• Input material:
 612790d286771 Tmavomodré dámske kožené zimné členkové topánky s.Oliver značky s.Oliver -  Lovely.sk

---

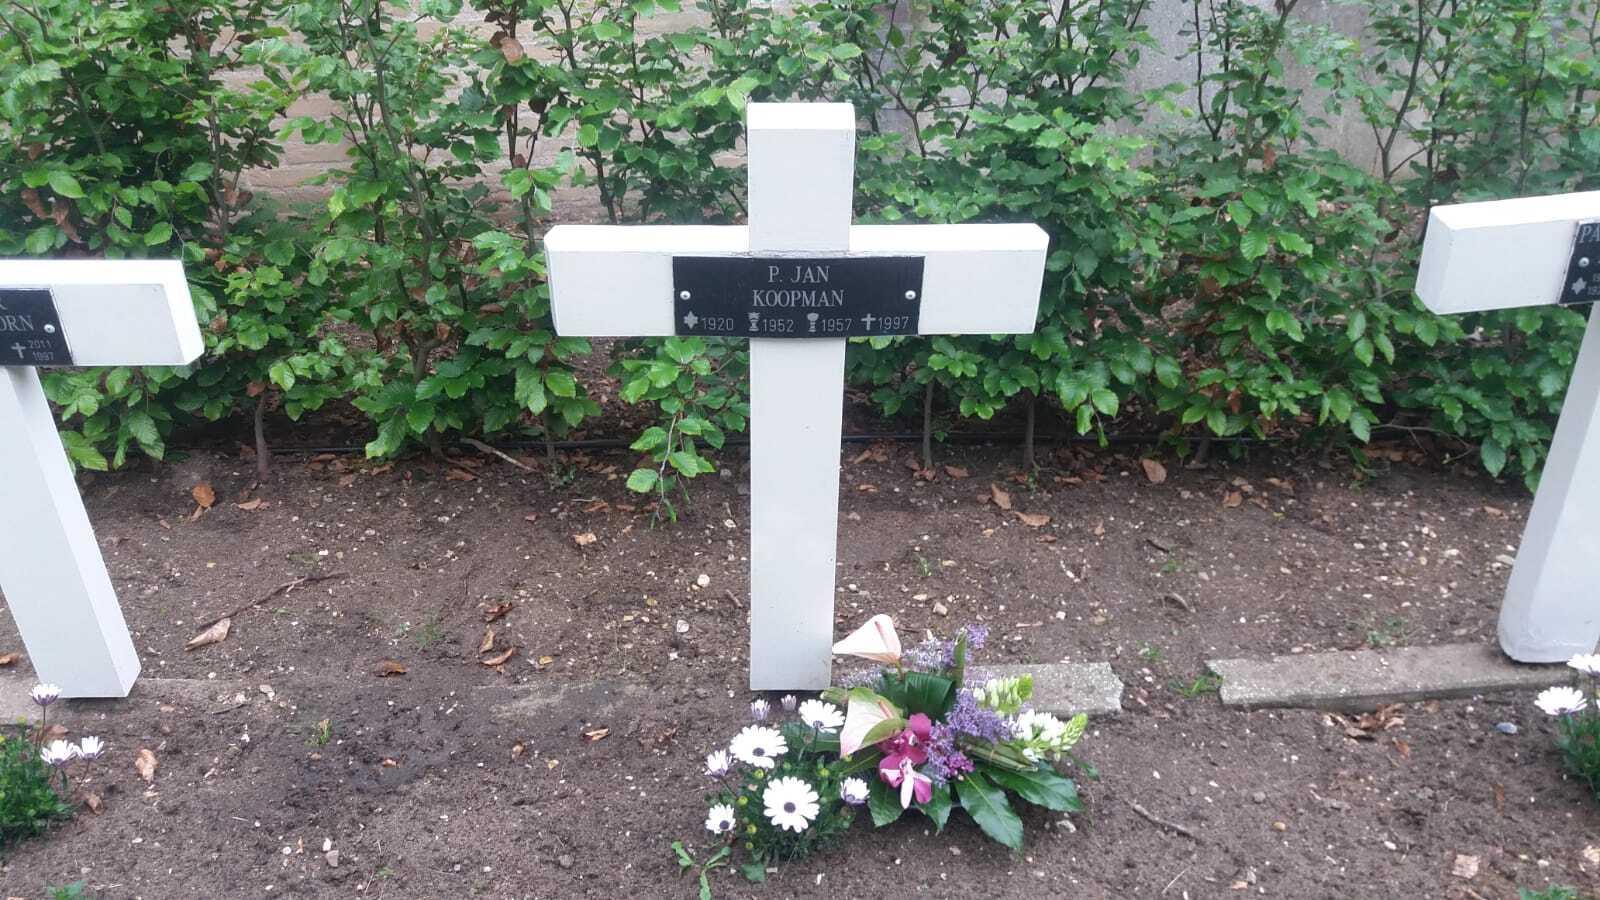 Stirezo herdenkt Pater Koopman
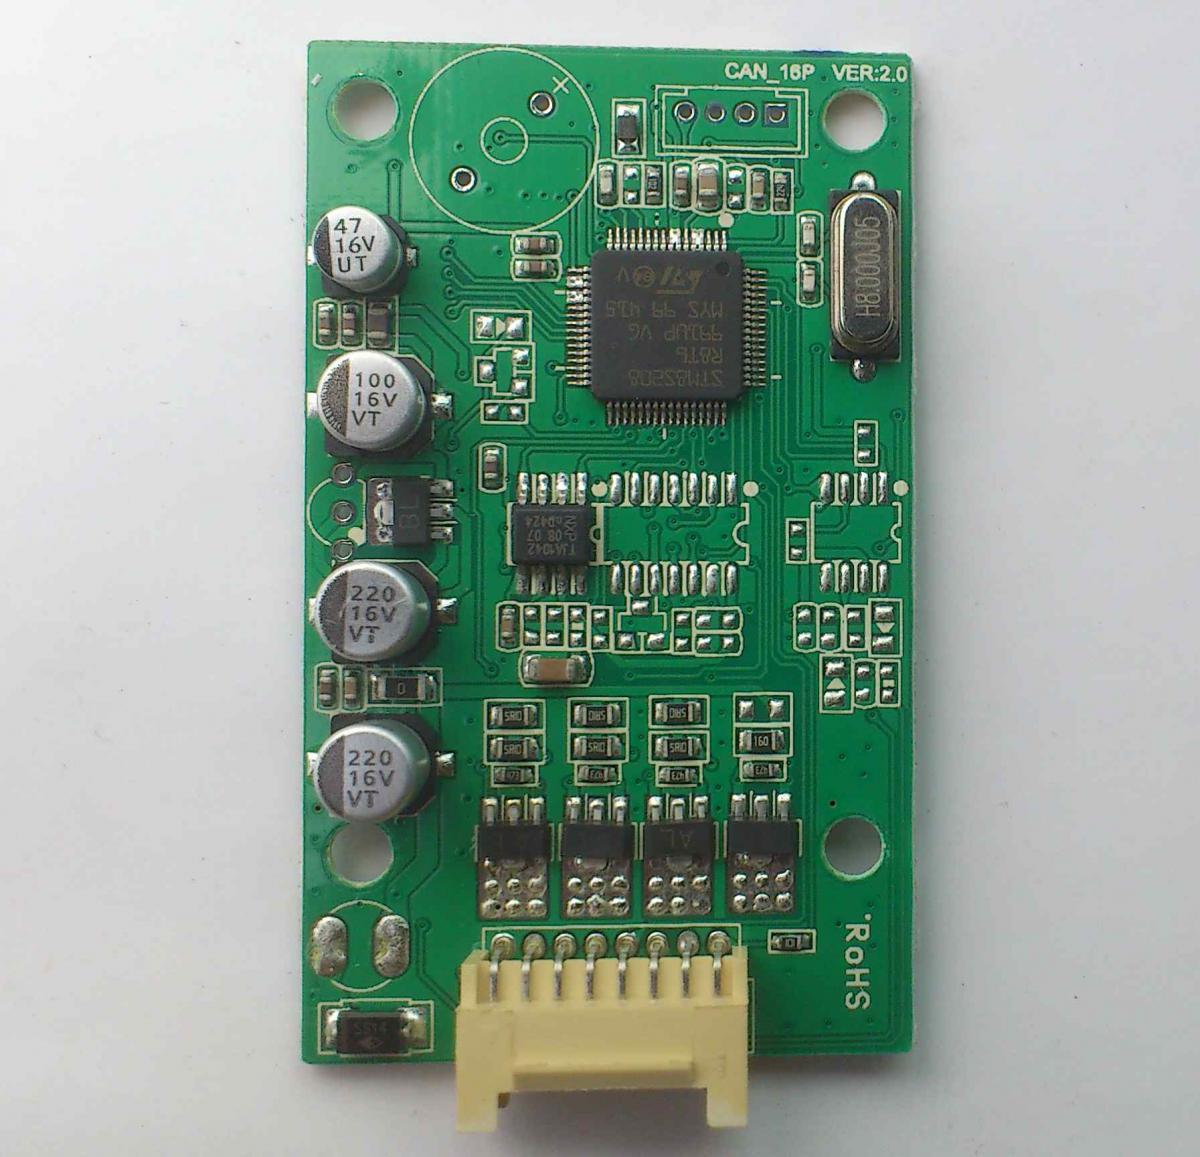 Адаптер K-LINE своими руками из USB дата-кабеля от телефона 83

• Problem to solve: What's needed is an exact copy of the records above from the line containing "Stirezo herdenkt Pater Koopman" down to the line containing "Адаптер K-LINE своими", both included, without any pictures.

• Result below:
 Stirezo herdenkt Pater Koopman
 Адаптер K-LINE своими руками из USB дата-кабеля от телефона 83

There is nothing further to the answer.